It is impossible to check the performance of the regulation.gov.ru feedback system because there are no publicly available statistics on whether comments are implemented or not. The relative ineffectiveness of this federal project for regulating the digital environment is indirectly indicated by the mere six acts adopted over the two years of its existence (on digital rights, on crowdfunding, on electronic employment records, on electronic notary services, on changes in the regulation of electronic signatures, and on VAT for electronic services), which is less than one percent of the total number of federal laws passed while the project has been ongoing. The texts of the adopted laws suggest that approving them has been difficult. This is shown by the blanket and cross-referenced norms. For example, according to Article 141.1 of the RF Civil Code, digital rights are to be identified as such in the laws pertaining to obligations and other rights; however, as long as there are no such laws, the rule concerning digital rights does not apply. There are also reservations about a potentially different regulation through special laws, and the lack of detail in the legal rules allows them to be applied directly without by-laws and other regulatory legal acts. Therefore, it is difficult to regard the results of these “crowdsourcing” legislative processes as making “people’s” law. Nor are they rules that will be seen as fair and effective, and their poor quality will prevent them from becoming the “law of first choice” when people make decisions.

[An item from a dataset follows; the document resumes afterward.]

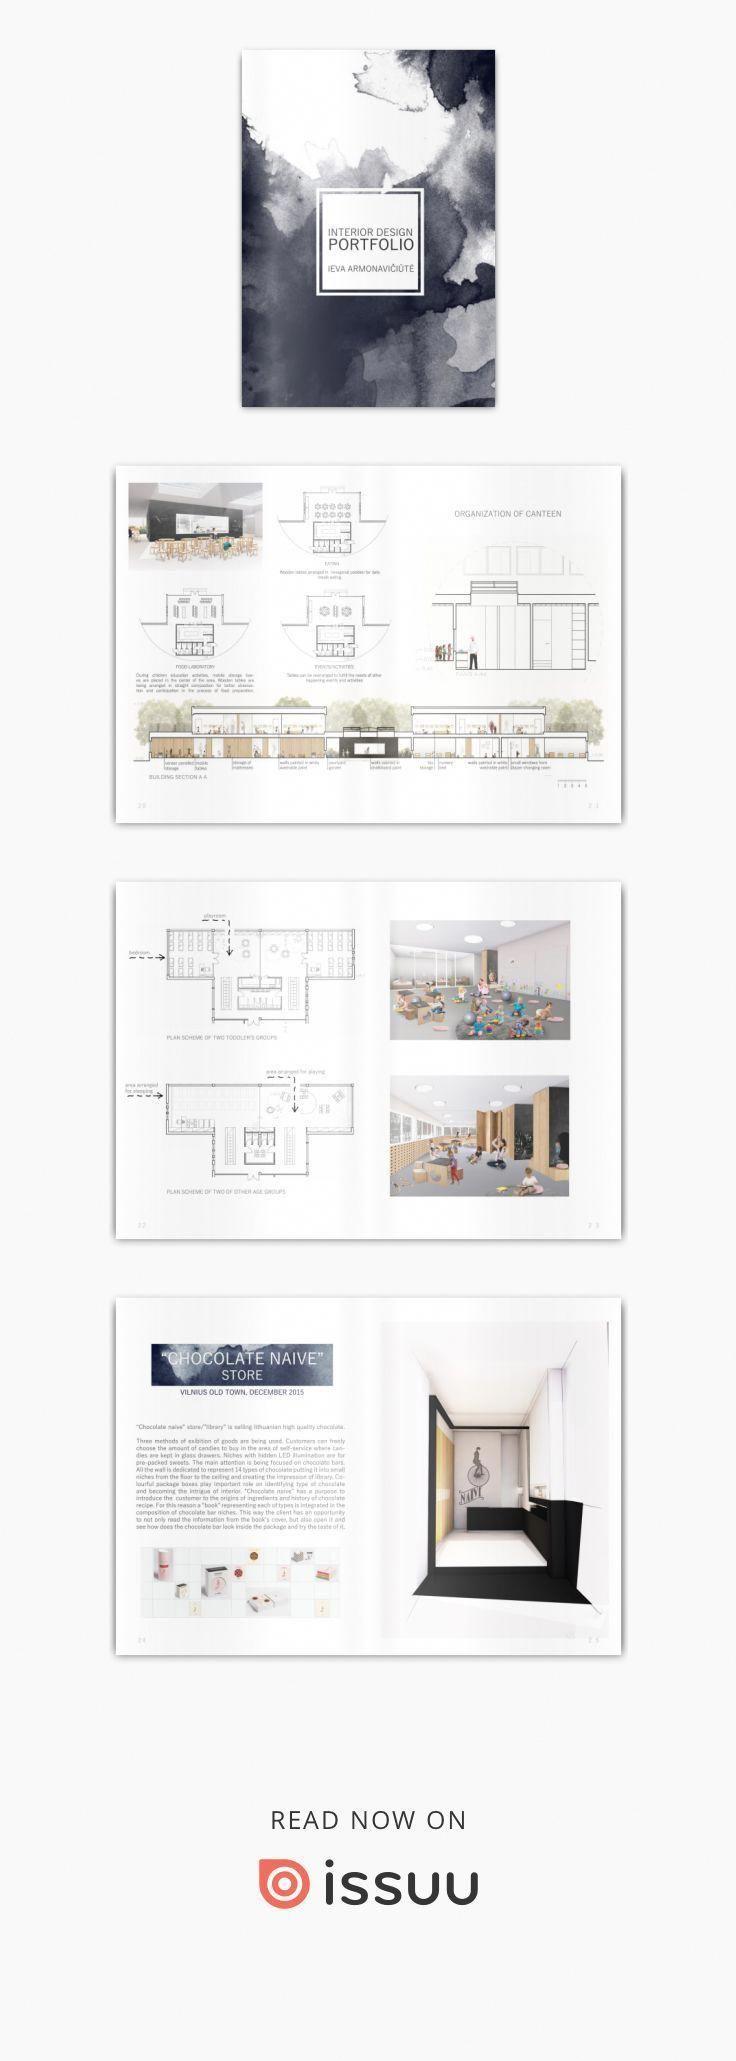 Bmw 3 Interior Isinteriordesigninhighdemand Interiorresourcesdallas 건축 레이아웃 건축 디자인 디자인 이력서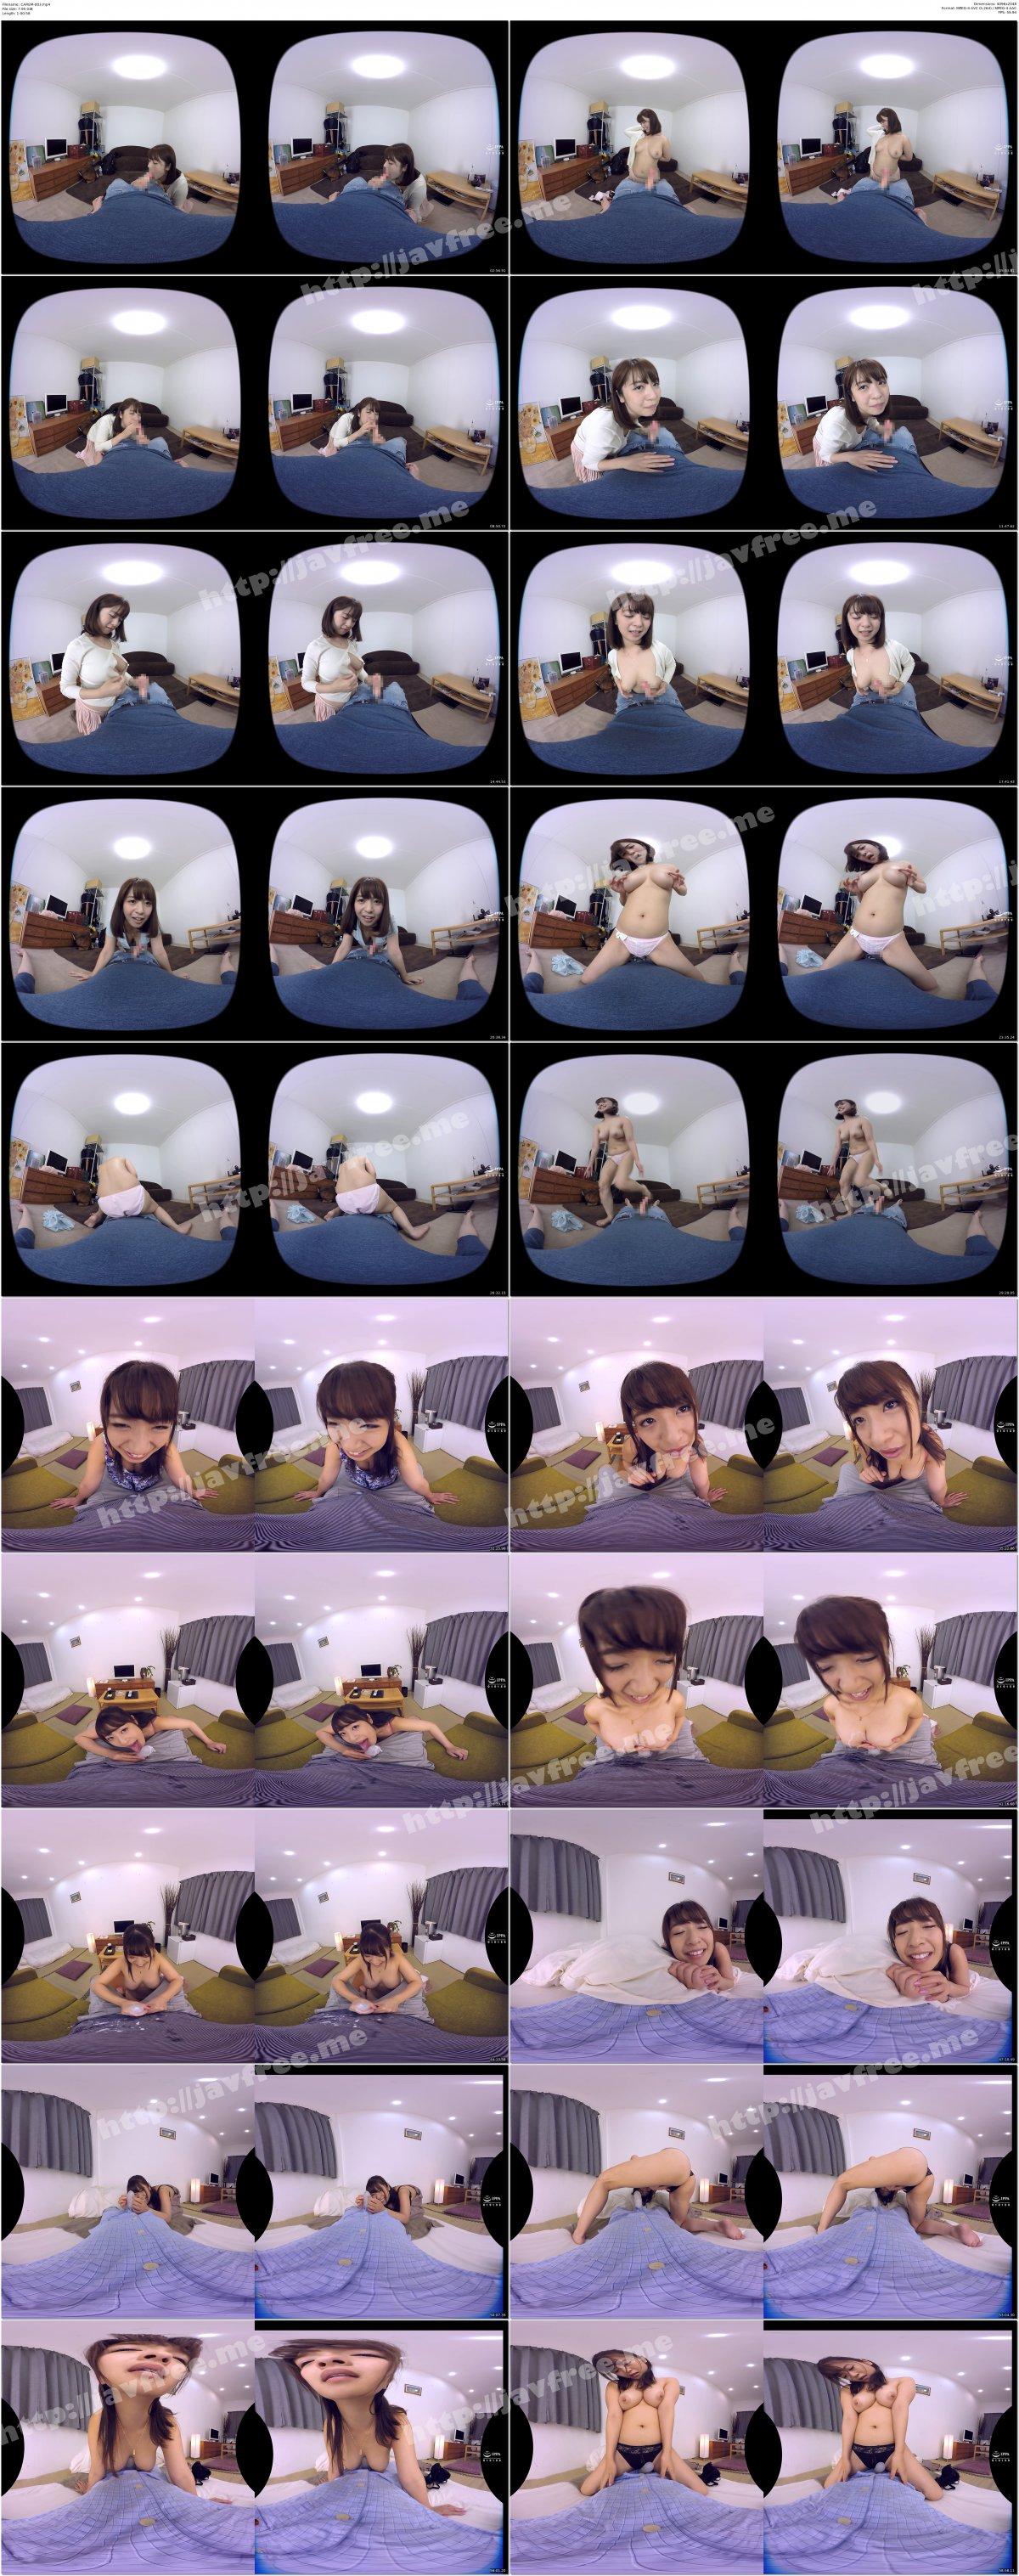 [CAREM-003] 【VR】デジタルリマスターで鮮明に蘇る!VRドチャシコ名作コレクション~尾上若葉

Multinational enterprises barely exist under international law; some scholars have gone so far as to describe them as “invisible” [Jones E, 1994: 893-923]. However, a better metaphor would be the blind men and the elephant. None of the states see the whole elephant. Some states find a headquarters and financial center and think that the company is like an office. Other states find production facilities and think that the company is a factory. Others feel the cargo flows of multinational corporations on their roads and decide that the company is a logistics provider.
Each state sees only those legal entities that operate within their territory, but they fail to see the essence of the entire company because each state by default regulates only the activities that take place within its boundaries. No matter how much states try to extend their power beyond their territories, the extraterritorial effect of the law is the exception, not the rule. Multinational companies are entities that transcend national states and have acquired features such as power, authority and relative autonomy to a degree that would be extraordinary for any domestic entity. Taken as a whole, these features give multinational companies an internal legal system that resembles the comprehensive legal system of a national state. Like states, multinational companies create rules and ensure that they are generally binding, both in a voluntary (legally persuasive) and in a compulsory (legally enforced) manner.
The first feature — power — is inherently relational, typically defined as the ability of A to get В to do something that В otherwise would not do. The political powers of multinational enterprises can be broken down into the following typology [Ruggie J., 2018: 317-333]:
instrumental power, the most traditional form of which is business lobbying;
structural power, which may include companies’ choice of locations and the ability to transfer risks to suppliers;
discursive power, which refers to the ability of businesses and business associations to frame and define public interest issues in their favor — that is, to shape ideas that then come to be taken for granted as the way things should be done, even for non-business entities like governments.
The second feature — authority — is, in brief, the right to prescribe. The sources of authority for multinationals are the principles of private property rights (including intellectual property) and freedom of contract. These core elements of this traditional source of authority are enshrined in, elaborated by, and enforced through public and private law, including obligations under the WTO and international investment agreements20.
The third feature — relative autonomy — may be understood through two possible answers to the question of who owns publicly traded firms: they own themselves, or no one does. In effect, these answers amount to the same thing. There appears to be only one answer to the question on whose behalf multinationals exercise their authority: on their own behalf.
Multinational corporate power is much more organic and portable than state power. It is not tied either to a particular territory or population, and therefore it is not bound by any obligation to make either-or choices when selecting its locations and employees. It is more organic in promoting values and ideas, and those values are simpler and much more aligned to the interests of the people than abstract socialism or liberalism. These factors have worked in favor of corporations before, but in the global information society they make the gap in effectiveness between corporations and states even greater.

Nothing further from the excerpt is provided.